YOUR TASK: Write out the lines starting at the one that holds "قهوة محمصة وحبوب" and ending with the final line of the data, exactly and with no others.

DATA FOR THIS TASK below:

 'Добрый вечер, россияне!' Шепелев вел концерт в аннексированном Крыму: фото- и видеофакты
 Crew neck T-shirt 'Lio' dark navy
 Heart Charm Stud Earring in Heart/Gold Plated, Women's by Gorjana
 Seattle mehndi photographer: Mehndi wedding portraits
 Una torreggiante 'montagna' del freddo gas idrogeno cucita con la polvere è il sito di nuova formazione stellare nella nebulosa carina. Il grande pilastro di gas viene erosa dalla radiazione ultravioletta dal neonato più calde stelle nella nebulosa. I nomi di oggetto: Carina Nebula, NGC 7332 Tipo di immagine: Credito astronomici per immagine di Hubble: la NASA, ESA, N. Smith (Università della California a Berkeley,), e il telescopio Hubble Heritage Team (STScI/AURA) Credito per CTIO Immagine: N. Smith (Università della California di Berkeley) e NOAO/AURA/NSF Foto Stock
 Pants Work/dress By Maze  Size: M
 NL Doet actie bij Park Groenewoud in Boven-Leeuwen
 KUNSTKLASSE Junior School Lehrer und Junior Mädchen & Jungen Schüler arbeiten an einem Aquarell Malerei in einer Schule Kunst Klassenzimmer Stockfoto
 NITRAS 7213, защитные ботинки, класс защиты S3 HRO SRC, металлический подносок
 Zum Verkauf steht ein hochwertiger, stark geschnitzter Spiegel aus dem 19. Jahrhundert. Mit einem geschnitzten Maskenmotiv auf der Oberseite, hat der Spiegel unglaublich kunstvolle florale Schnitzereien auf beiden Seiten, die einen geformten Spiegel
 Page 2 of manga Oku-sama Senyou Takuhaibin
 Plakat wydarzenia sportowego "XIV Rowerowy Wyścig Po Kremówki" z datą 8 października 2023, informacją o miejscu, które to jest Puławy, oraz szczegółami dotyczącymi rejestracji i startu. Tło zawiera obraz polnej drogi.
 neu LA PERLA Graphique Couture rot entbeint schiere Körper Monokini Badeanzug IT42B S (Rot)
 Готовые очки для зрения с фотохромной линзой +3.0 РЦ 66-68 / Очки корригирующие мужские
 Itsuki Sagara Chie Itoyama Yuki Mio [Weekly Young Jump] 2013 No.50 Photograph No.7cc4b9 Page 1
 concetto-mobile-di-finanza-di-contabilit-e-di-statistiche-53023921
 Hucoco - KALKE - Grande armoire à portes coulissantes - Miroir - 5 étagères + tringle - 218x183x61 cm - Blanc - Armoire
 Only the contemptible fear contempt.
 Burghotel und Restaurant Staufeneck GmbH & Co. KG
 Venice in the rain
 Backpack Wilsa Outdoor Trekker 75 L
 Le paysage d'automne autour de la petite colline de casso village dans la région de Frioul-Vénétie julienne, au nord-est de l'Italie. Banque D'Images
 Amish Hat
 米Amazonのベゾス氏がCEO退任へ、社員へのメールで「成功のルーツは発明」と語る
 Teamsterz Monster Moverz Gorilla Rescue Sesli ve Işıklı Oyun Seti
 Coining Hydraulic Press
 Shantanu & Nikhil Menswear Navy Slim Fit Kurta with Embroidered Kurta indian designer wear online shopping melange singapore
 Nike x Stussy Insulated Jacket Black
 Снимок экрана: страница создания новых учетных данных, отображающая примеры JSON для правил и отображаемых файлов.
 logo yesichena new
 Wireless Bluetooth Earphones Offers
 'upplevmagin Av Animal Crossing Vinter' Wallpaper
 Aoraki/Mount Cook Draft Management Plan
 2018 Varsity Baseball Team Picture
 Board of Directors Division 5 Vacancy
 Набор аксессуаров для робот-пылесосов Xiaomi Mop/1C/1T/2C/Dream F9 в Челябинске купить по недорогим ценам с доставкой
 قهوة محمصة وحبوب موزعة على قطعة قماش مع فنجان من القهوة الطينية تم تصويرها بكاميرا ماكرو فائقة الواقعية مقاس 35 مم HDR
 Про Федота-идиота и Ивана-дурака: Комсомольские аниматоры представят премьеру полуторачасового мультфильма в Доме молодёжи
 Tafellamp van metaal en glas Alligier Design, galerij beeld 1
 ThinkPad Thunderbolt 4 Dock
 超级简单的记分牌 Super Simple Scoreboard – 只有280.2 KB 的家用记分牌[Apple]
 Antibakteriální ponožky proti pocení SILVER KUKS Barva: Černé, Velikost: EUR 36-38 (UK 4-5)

End of DATA FOR THIS TASK.

SOLUTION TO THE EXERCISE:
 قهوة محمصة وحبوب موزعة على قطعة قماش مع فنجان من القهوة الطينية تم تصويرها بكاميرا ماكرو فائقة الواقعية مقاس 35 مم HDR
 Про Федота-идиота и Ивана-дурака: Комсомольские аниматоры представят премьеру полуторачасового мультфильма в Доме молодёжи
 Tafellamp van metaal en glas Alligier Design, galerij beeld 1
 ThinkPad Thunderbolt 4 Dock
 超级简单的记分牌 Super Simple Scoreboard – 只有280.2 KB 的家用记分牌[Apple]
 Antibakteriální ponožky proti pocení SILVER KUKS Barva: Černé, Velikost: EUR 36-38 (UK 4-5)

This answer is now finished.